Whew! But this ought to give you an indication of the depths and intelligence that goes into every Tool track. Incredible.
Pushit build and crashes like waves, as only Tool can do it – menacingly, beautifully, intelligently. The sound finally gets a real lift around 3:55. Another extended, quieter middle section is present. And, as ever, they’ve left the real crashing and banging for the ending.
Cesaro Summability starts off with a baby crying, which gets messed with and echoed. A voice tries to come through as though on a fading radio station while a guitar revs like an engine. Not entirely necessary, but there you go.
Ænima was the third single, and is probably my favourite Tool song. I love everything about it. Referencing Bill Hicks (who also appears in the booklet as “another fallen hero.” Basically, the song hates California and everyone in it, and the sooner the San Andreas fault breaks and buries it underwater, the better. Meanwhile, the song Fucking. Rocks. I just love it. “Learn to swim! Learn to swim!” Hahaha.

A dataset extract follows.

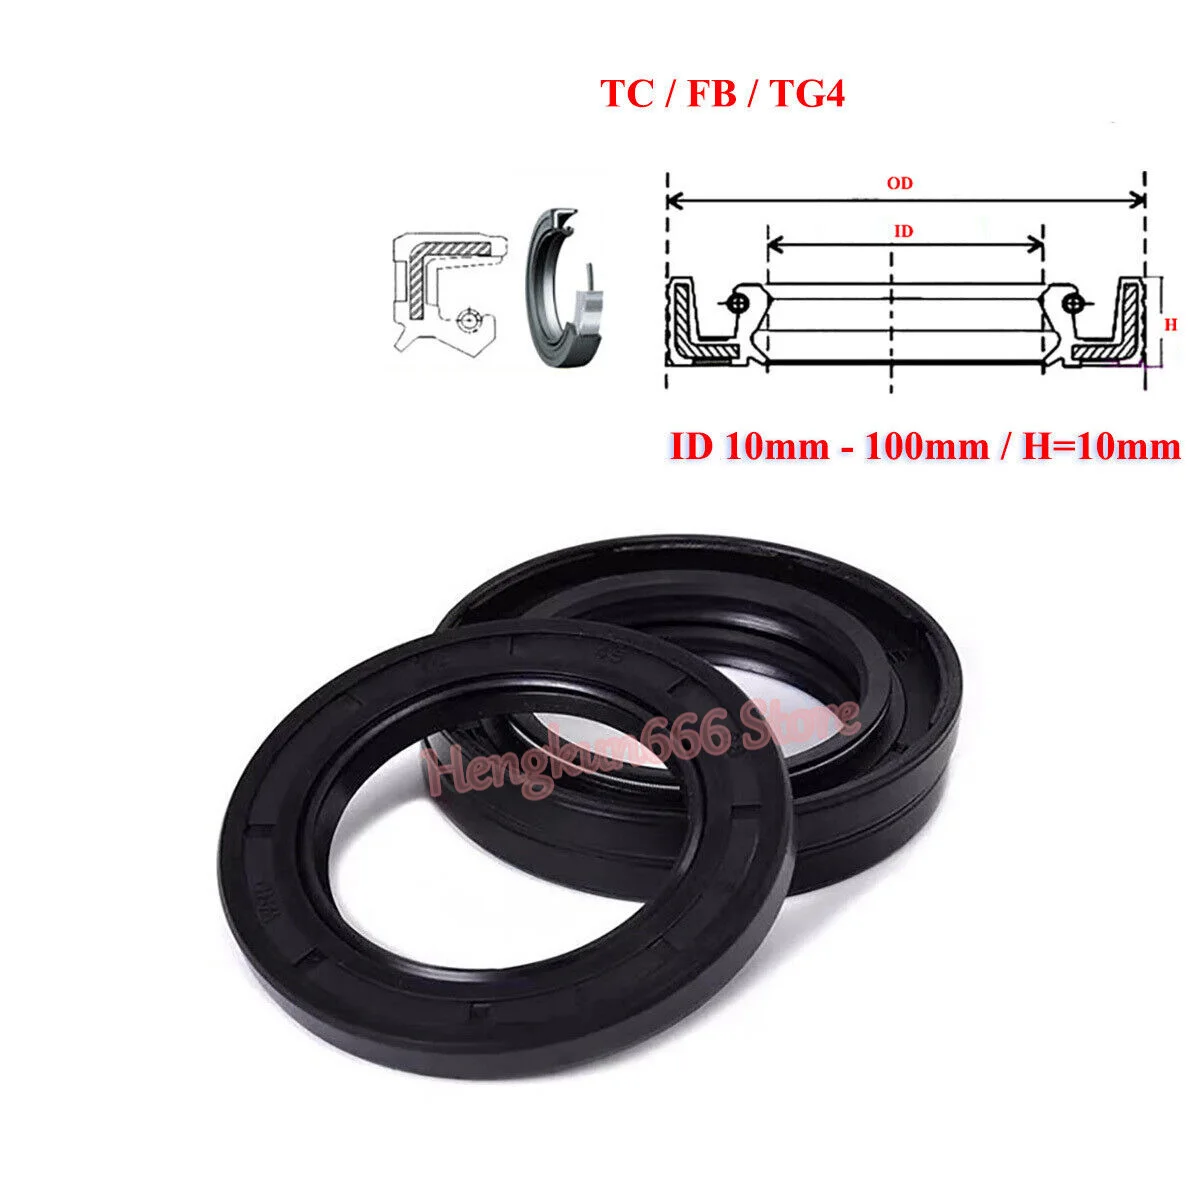 

2pcs TC/FB/TG4 NBR Skeleton Oil Sealing Rings ID 10-100mm / Thickness 10mm Nitrile Rubber Double Lip Seals for Rotation Shaft

(-) Ions is another interlude track. If I didn’t know better, it’s the sound of a jet flying overhead (perhaps over the water of Arizona Bay… or maybe it’s just wind, or something. Electric buzzing comes in, circling, and it’s clearly not an airplane, now. I dunno. Then robot noises. Seriously. 4:00 of weird.
Third Eye is a psychedelic drug song, while still rocking like Tool. When the lyrics come in, Maynard sounds languid, at first. Then he’s screaming… though it’s sampled into chunks, at times… The track contains samples of Bill Hicks (once again). Despite quiet moments, when this track hits hard, it hits really fucking hard. Whoa. Time to open up that third eye, folks. What an excursion this one is!
And no hidden track this time.
Tool absolutely announce themselves to be fearless, with this one. The song subjects are fascinating, they followed their artistic muses to new heights (and a couple of lows, but hey, so it goes), and they absolutely proved themselves for real yet again.
The more you listen to it, the more you hear. It’s (seemingly) endless. It’s dense, and around every corner lurks some sort of shock or revelation. But we’re all on a common mission here, and this record will get us there.
Me? I love this record.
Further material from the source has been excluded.